The uniformed man outside the door nodded at her in a friendly fashion as she climbed out of the car. ‘Morning, Dr B.,’ he said. ‘Not a sign of anything this last half-hour.’

‘Thanks for the report,’ Gus said sardonically. ‘Glad to see a chap knows how to treat a superior officer.’

The man, a young constable, was deeply abashed. ‘Sorry, Super,’ he said. ‘I just wanted to make it easier for the doctor, like.’

‘No need to be so formal,’ Gus growled, but there was no animus there. ‘Guv’ll do well enough for me.’ He led the way towards the door and pushed it open. As though he’d called them there, other figures appeared round the side of the building to join him and George blinked.

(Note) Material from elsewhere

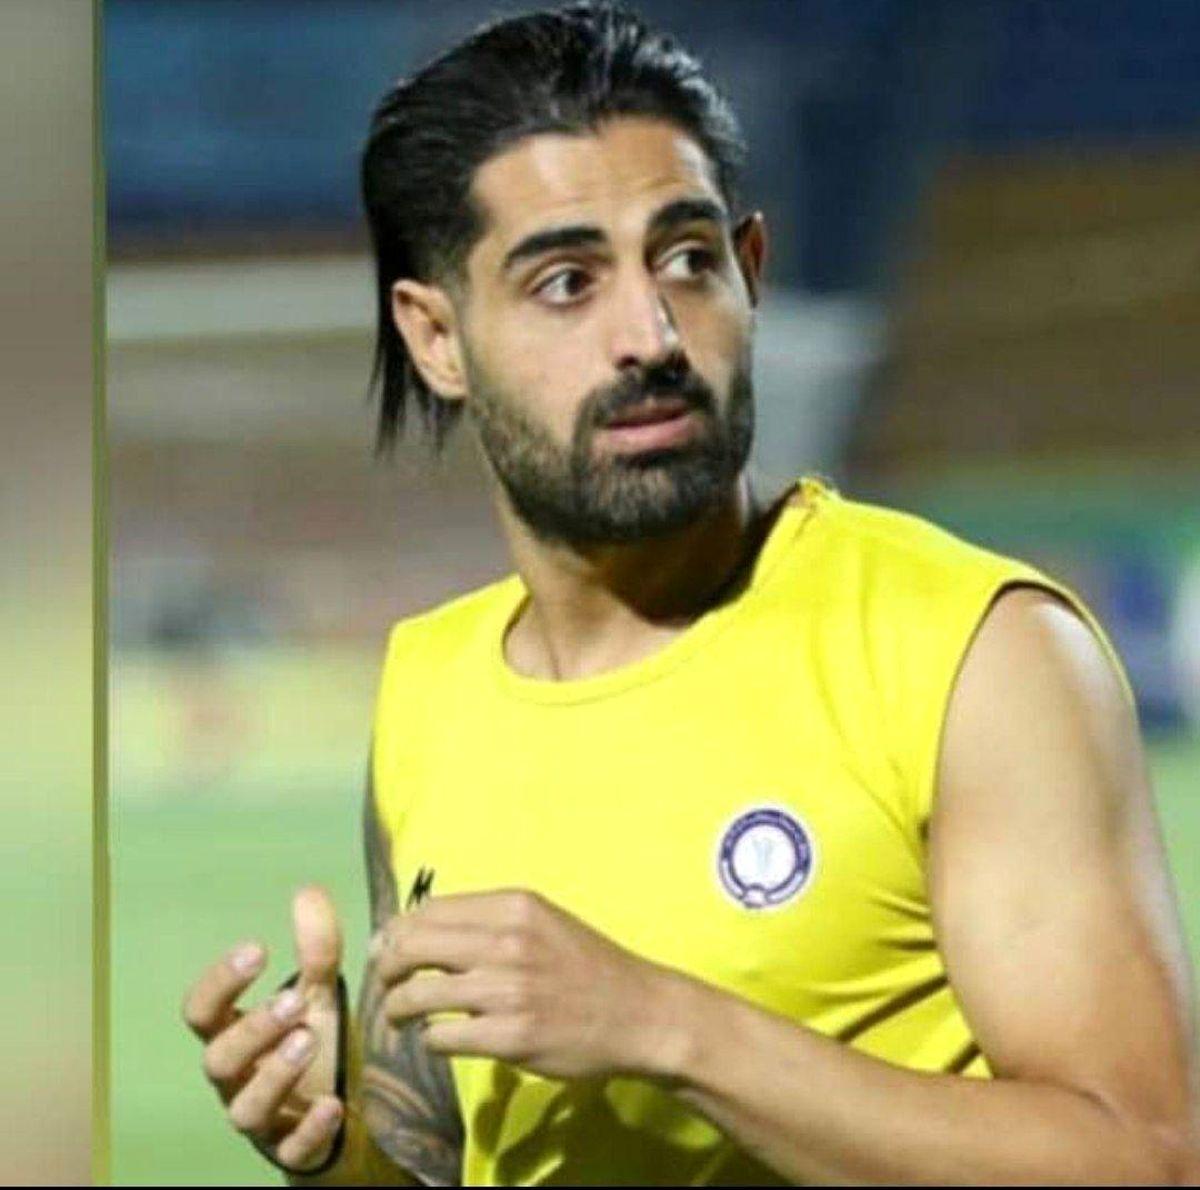 ابراهیمی در گفت وگو با فرتاک ورزشی: بازی در سپاهان را خیلی دوست دارم
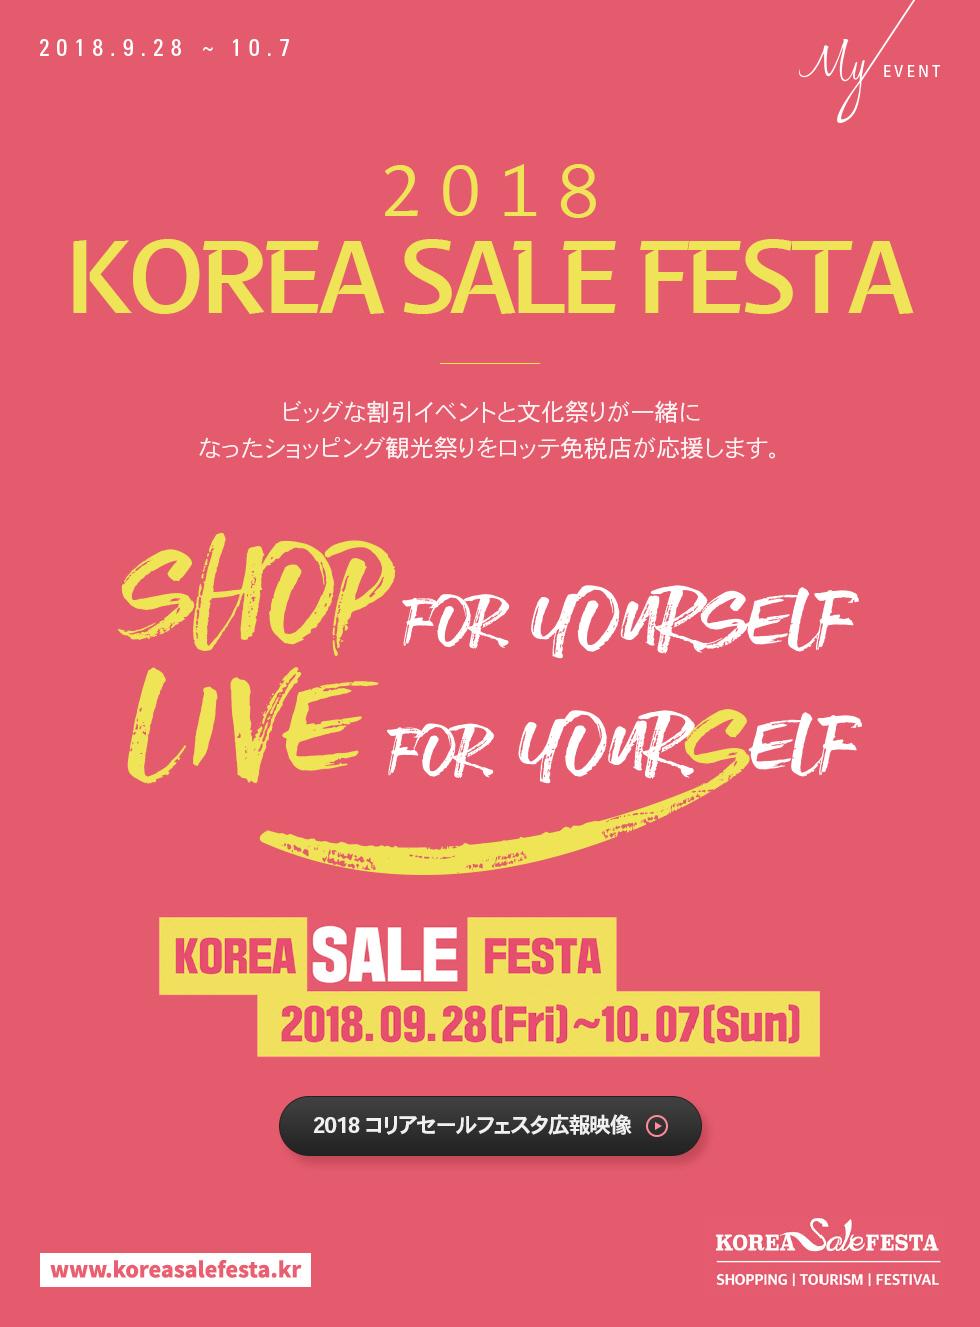 2018 KOREA SALE FESTA

‘Hey, does it take four — five of you to deal with this sort of thing?’ she said. ‘You must be longing to get in a bit of overtime.’

‘Unpaid, though.’ Michael Urquhart grinned at her. A recently promoted sergeant and always a good friend to George, he showed clearly that he was pleased to see her, and she was happy to see him. A very reliable guy, Mike.

‘I don’t want to take any chances, OK?’ Gus was in serious mode now, speaking in a low tone with no hint of the flippant chatterbox who had woken her. ‘I doubt there’s anyone still here, but all the same, you never know. Mike, you head straight down to the mortuary. And don’t be squeamish. I want every drawer checked, every body accounted for, get
me? You two, the main lab, that way. You come with me, Hagerty, and Dr B., you stay behind me. OK. Easy does it.’

They seemed to vanish into the building like wraiths, silently and with an amazing efficiency. George stood behind Gus waiting for him to make his move, which he did as soon as the others had vanished into the various sections he’d sent them to. Then he made straight for her office.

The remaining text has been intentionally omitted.